● Work to be completed
What's needed is the listing below, repeated word for word with no pictures.

● Data excerpt

=======

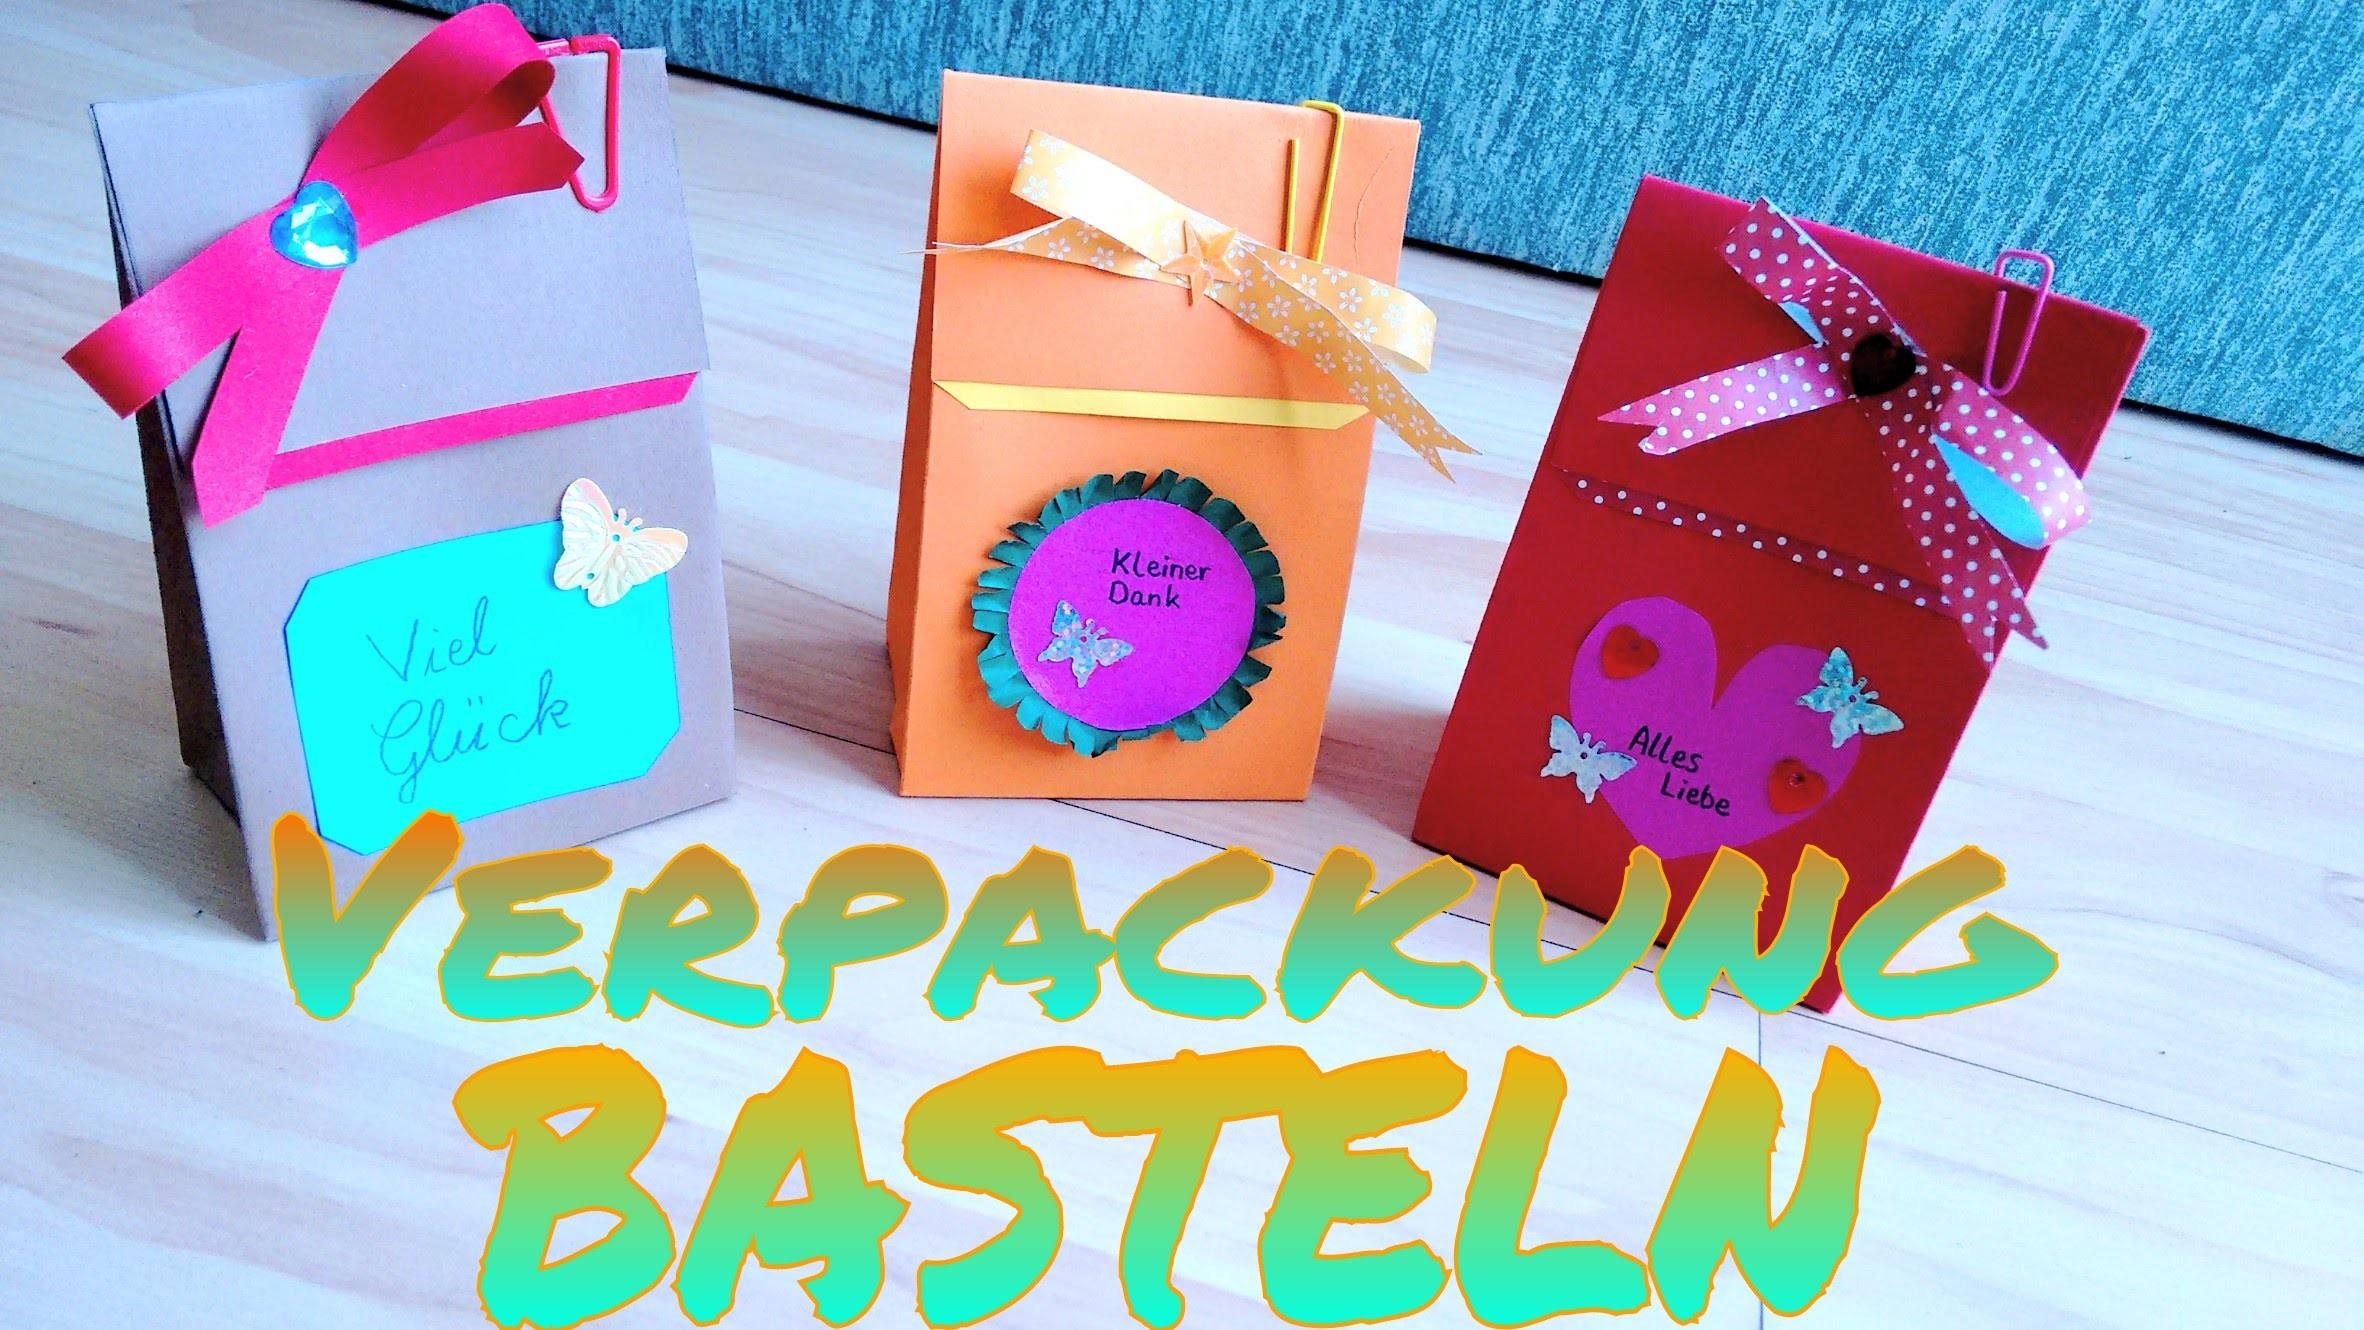 DIY - Verpackung selber basteln (Deutsch)
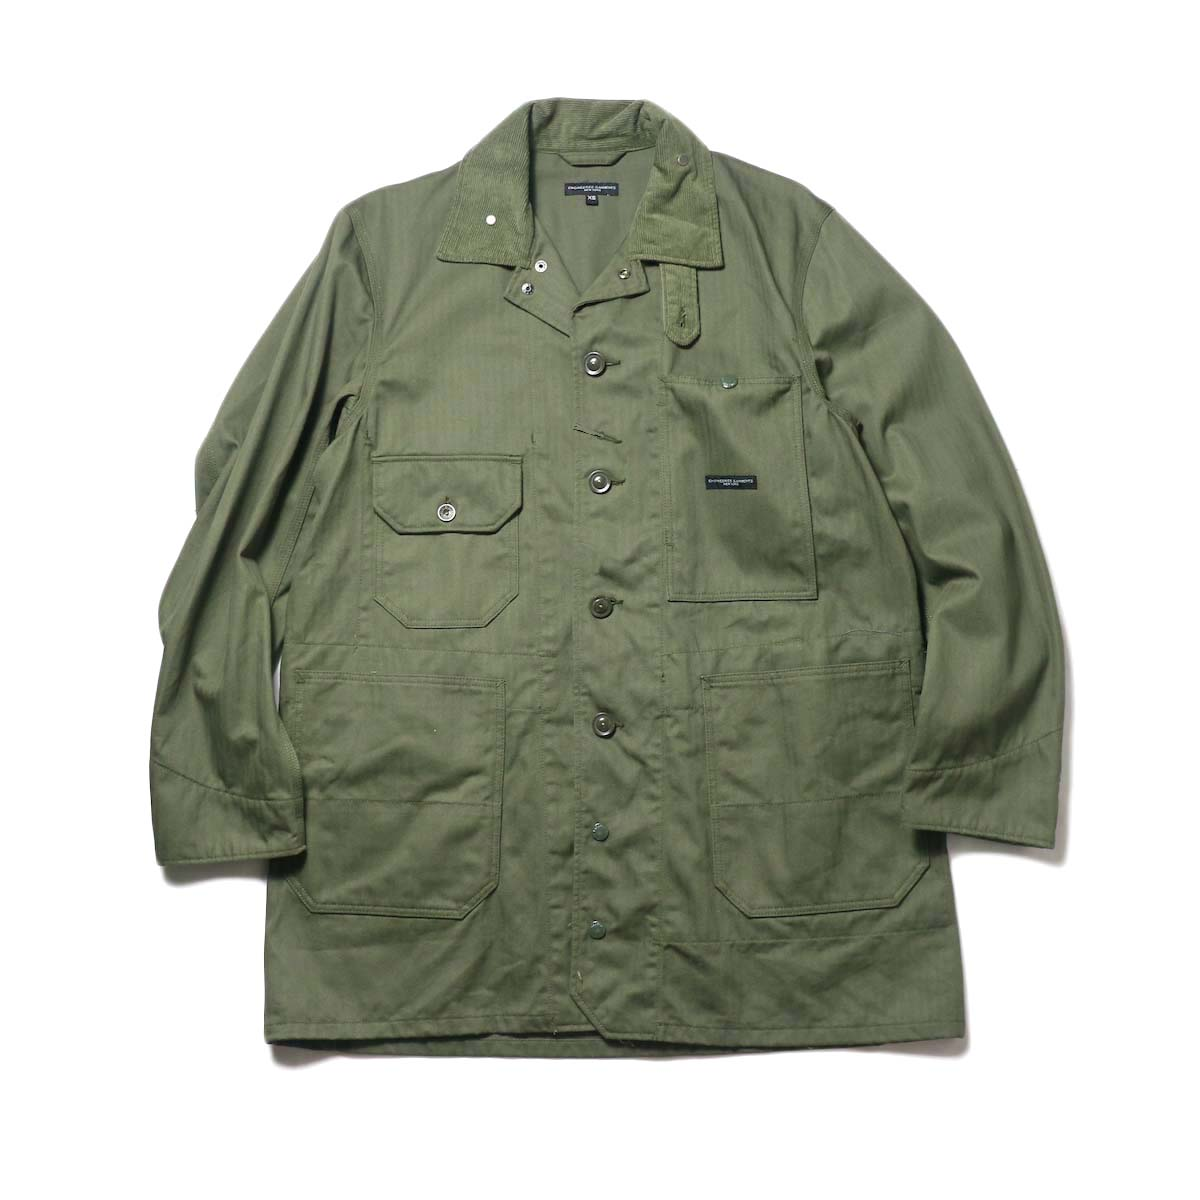 Engineered Garments / Long Logger Jacket -Hb Twill (Olive)
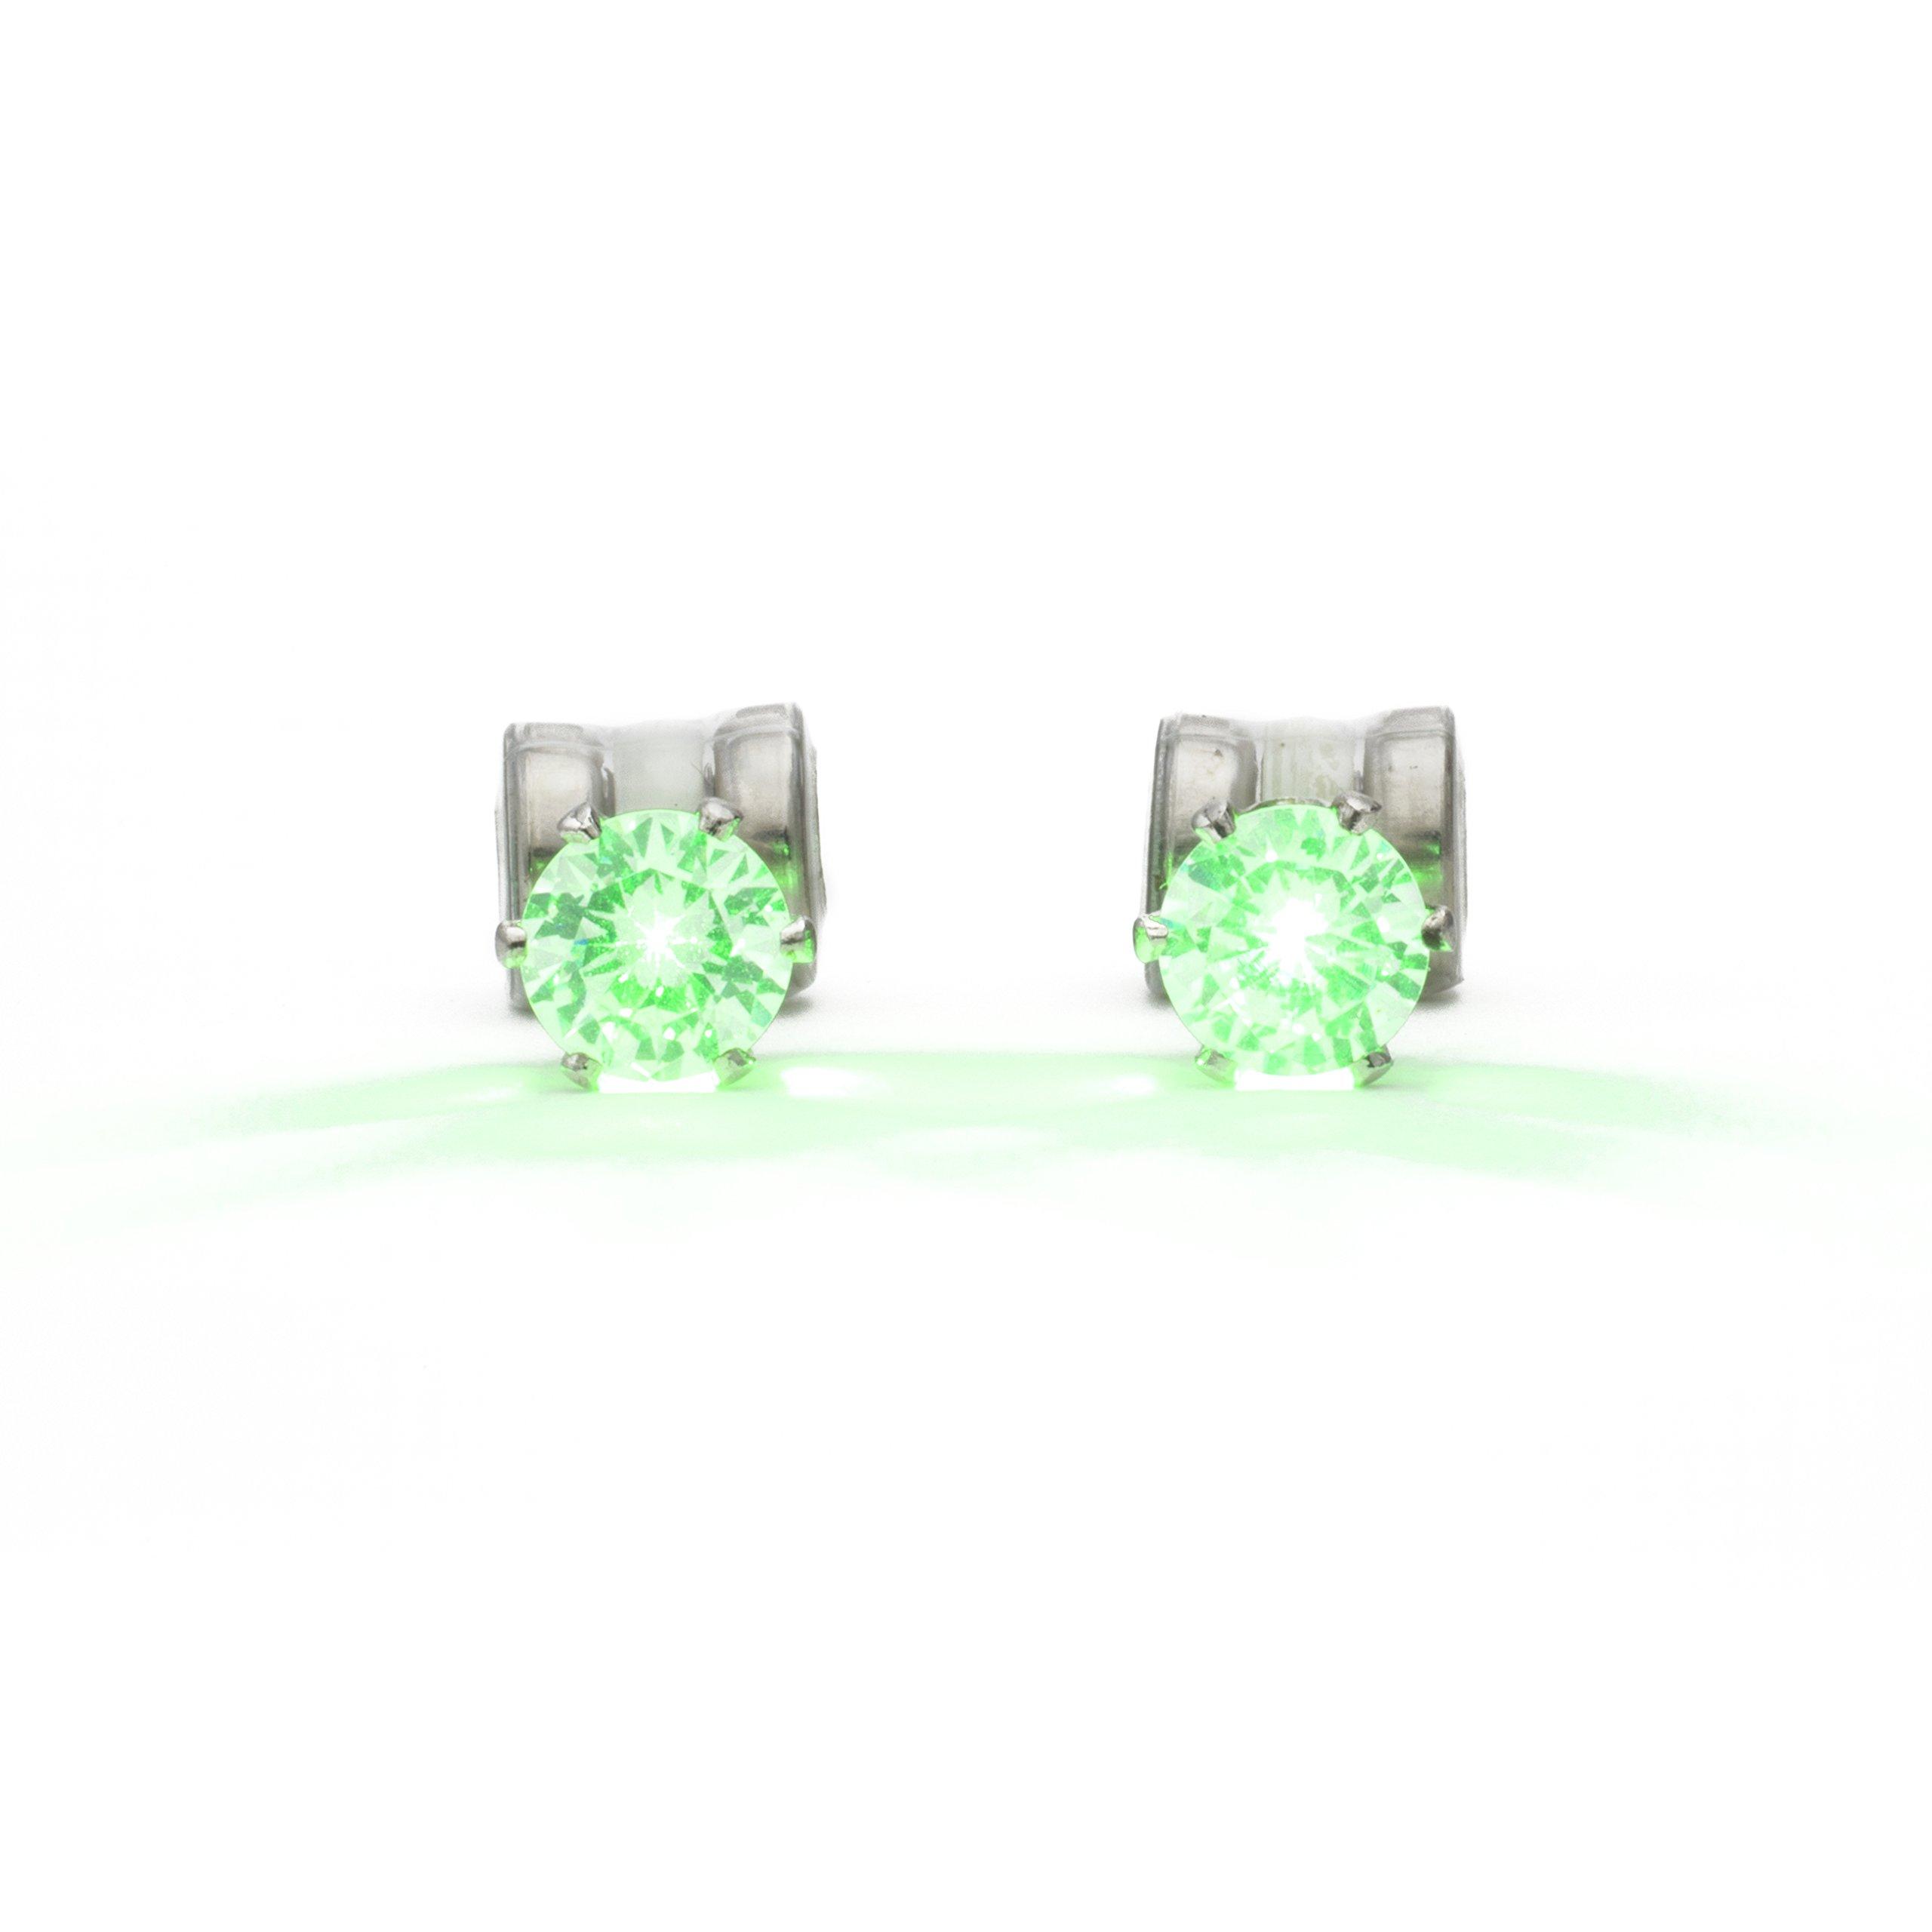 Original Night Ice LED Earrings (Green)

=======

● Answer for this exercise
 DIY - Verpackung selber basteln (Deutsch)
 Engineered Garments / Long Logger Jacket -Hb Twill (Olive)
 Original Night Ice LED Earrings (Green)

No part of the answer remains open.